=== Section Start ===

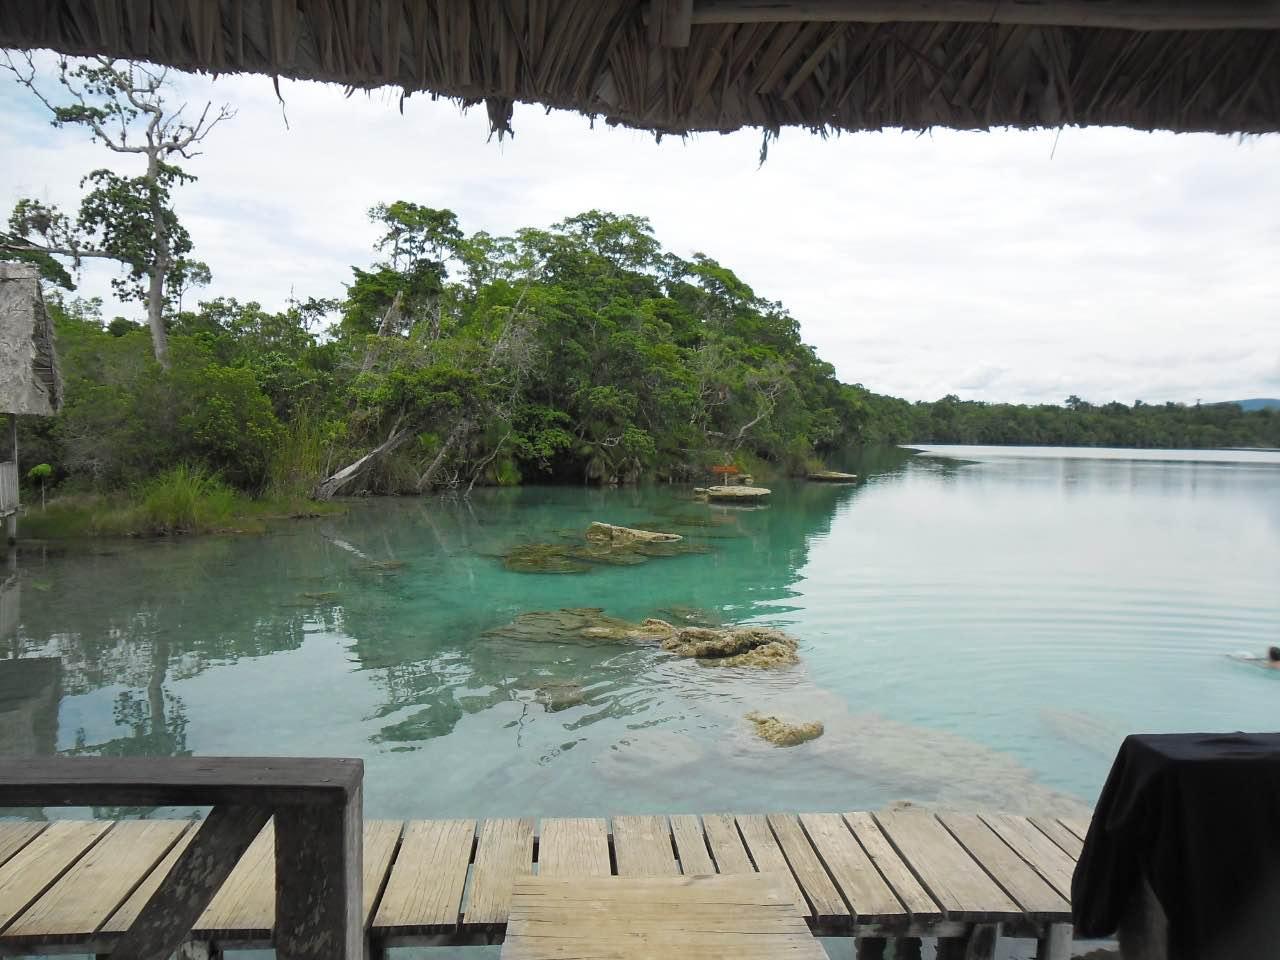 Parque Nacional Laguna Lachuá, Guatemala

=== Section End ===
=== Section Start ===

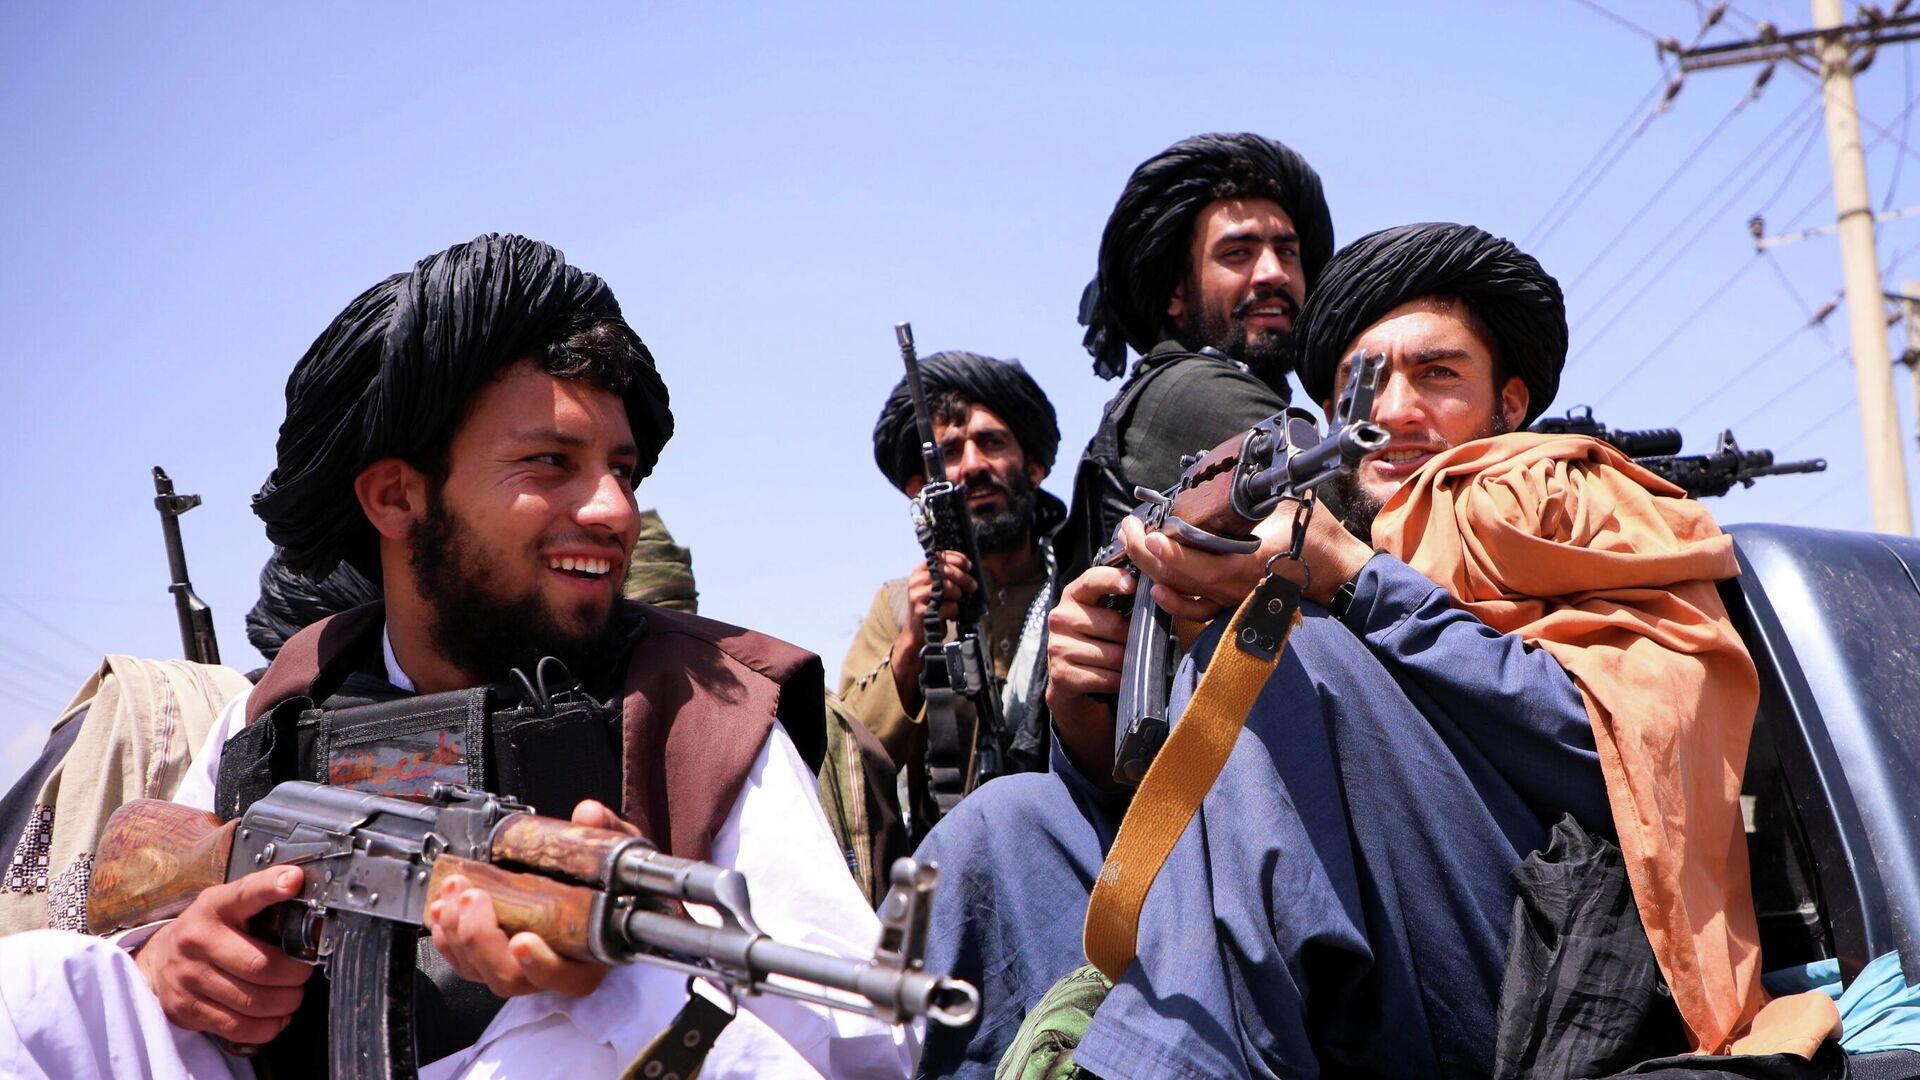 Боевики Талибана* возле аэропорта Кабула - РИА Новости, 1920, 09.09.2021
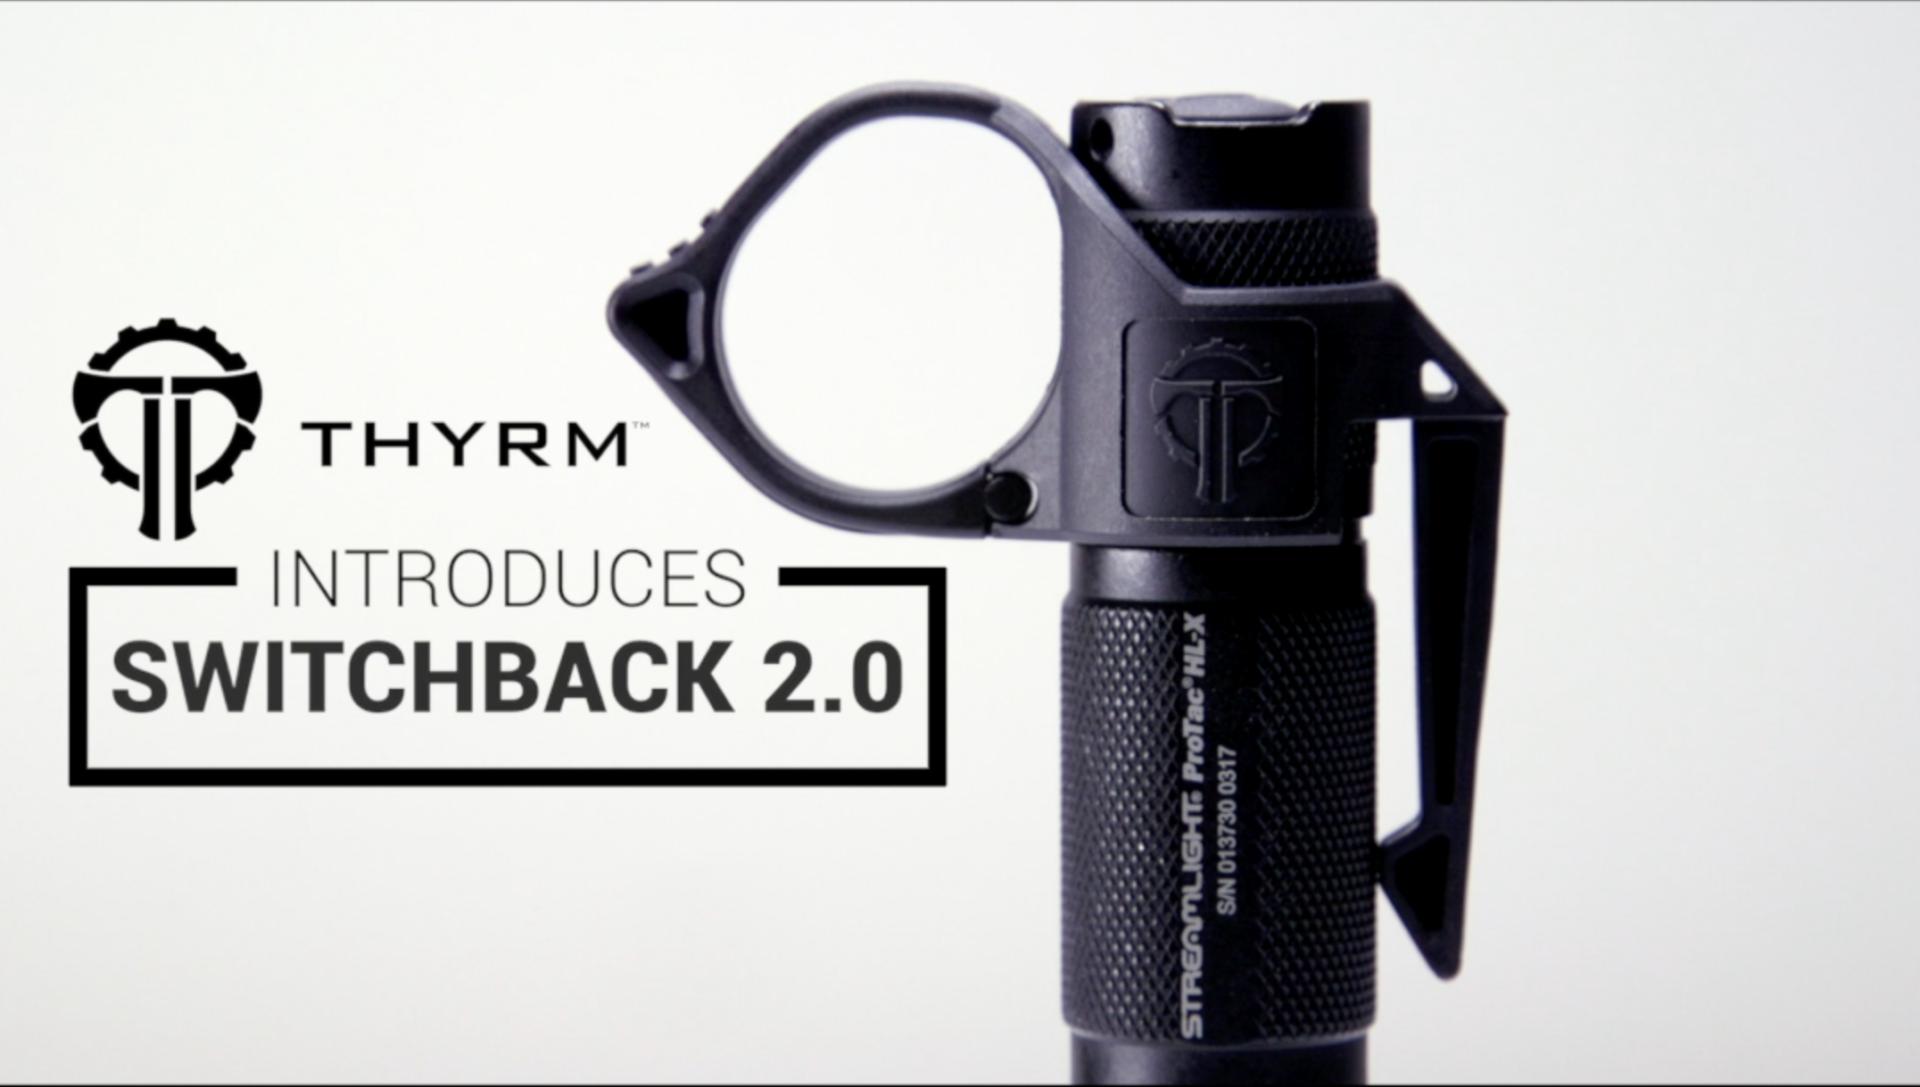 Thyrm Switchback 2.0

=== Section End ===
=== Section Start ===

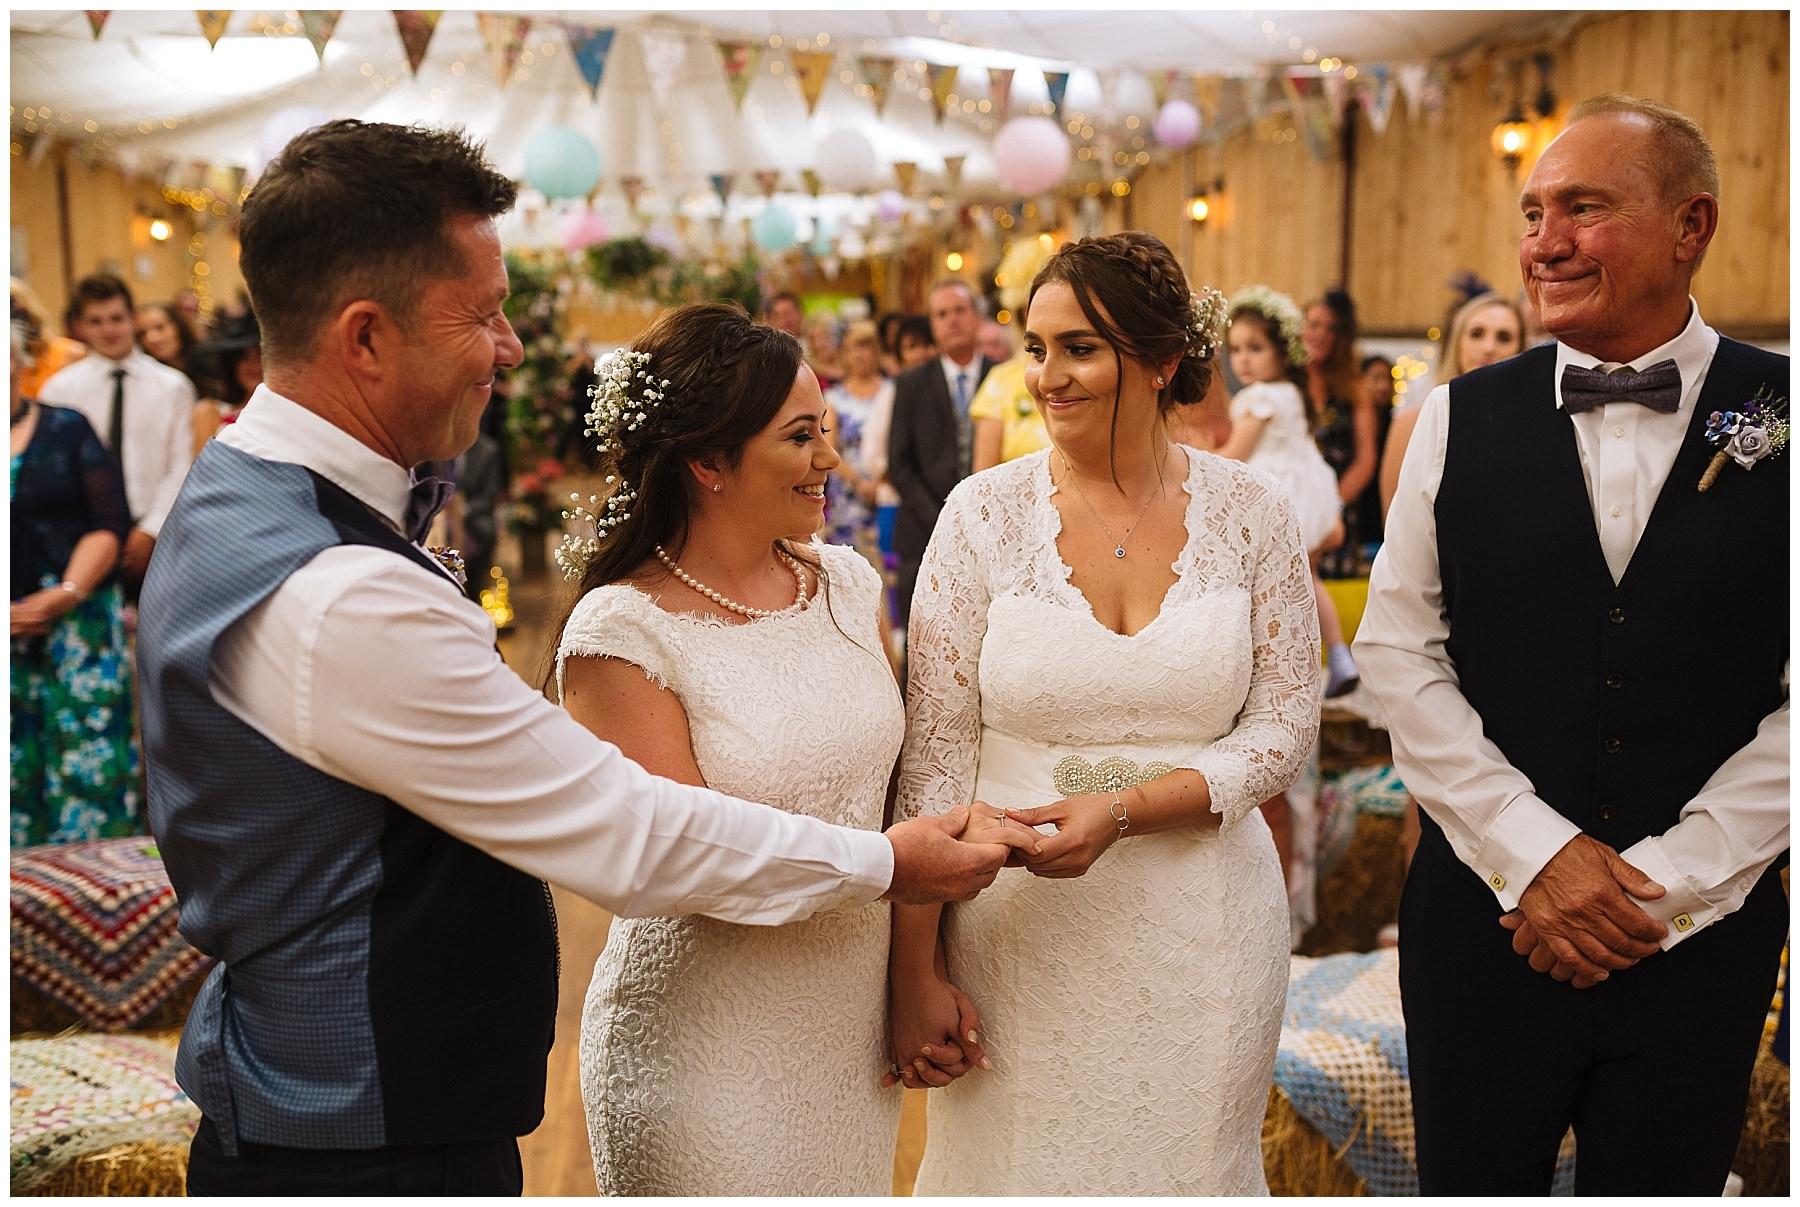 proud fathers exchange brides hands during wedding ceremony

=== Section End ===

Transcribe the listing above exactly, but only from the line with "Боевики Талибана* возле" through the line with "Thyrm Switchback 2.0". Include both of those lines and omit the pictures.

Task result:
 Боевики Талибана* возле аэропорта Кабула - РИА Новости, 1920, 09.09.2021
 Thyrm Switchback 2.0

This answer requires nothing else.